**Instructions for the task**.
Each line from the one containing "Women in art - National Gallery" through the end of the records below must be repeated exactly, and no other line.
Records: Begin
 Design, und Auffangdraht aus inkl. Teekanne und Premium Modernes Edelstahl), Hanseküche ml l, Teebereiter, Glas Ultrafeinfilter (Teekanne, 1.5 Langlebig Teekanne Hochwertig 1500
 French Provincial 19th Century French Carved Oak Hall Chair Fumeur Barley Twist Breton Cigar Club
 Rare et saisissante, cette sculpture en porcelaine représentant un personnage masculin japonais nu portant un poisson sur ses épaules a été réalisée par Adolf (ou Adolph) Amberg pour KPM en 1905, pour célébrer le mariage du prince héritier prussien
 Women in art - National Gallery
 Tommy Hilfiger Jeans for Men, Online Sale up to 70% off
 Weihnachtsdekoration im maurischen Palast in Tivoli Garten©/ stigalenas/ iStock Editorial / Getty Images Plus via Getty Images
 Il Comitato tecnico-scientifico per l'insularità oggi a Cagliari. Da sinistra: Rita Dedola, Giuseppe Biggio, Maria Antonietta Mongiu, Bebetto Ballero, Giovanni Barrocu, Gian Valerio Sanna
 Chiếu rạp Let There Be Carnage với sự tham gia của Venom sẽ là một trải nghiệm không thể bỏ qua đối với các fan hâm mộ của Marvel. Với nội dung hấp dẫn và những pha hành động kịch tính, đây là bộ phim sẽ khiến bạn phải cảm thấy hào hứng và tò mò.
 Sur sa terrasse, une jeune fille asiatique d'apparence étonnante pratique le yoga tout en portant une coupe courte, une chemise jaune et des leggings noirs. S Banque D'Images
Records: End
**Response for this exercise**.
 Women in art - National Gallery
 Tommy Hilfiger Jeans for Men, Online Sale up to 70% off
 Weihnachtsdekoration im maurischen Palast in Tivoli Garten©/ stigalenas/ iStock Editorial / Getty Images Plus via Getty Images
 Il Comitato tecnico-scientifico per l'insularità oggi a Cagliari. Da sinistra: Rita Dedola, Giuseppe Biggio, Maria Antonietta Mongiu, Bebetto Ballero, Giovanni Barrocu, Gian Valerio Sanna
 Chiếu rạp Let There Be Carnage với sự tham gia của Venom sẽ là một trải nghiệm không thể bỏ qua đối với các fan hâm mộ của Marvel. Với nội dung hấp dẫn và những pha hành động kịch tính, đây là bộ phim sẽ khiến bạn phải cảm thấy hào hứng và tò mò.
 Sur sa terrasse, une jeune fille asiatique d'apparence étonnante pratique le yoga tout en portant une coupe courte, une chemise jaune et des leggings noirs. S Banque D'Images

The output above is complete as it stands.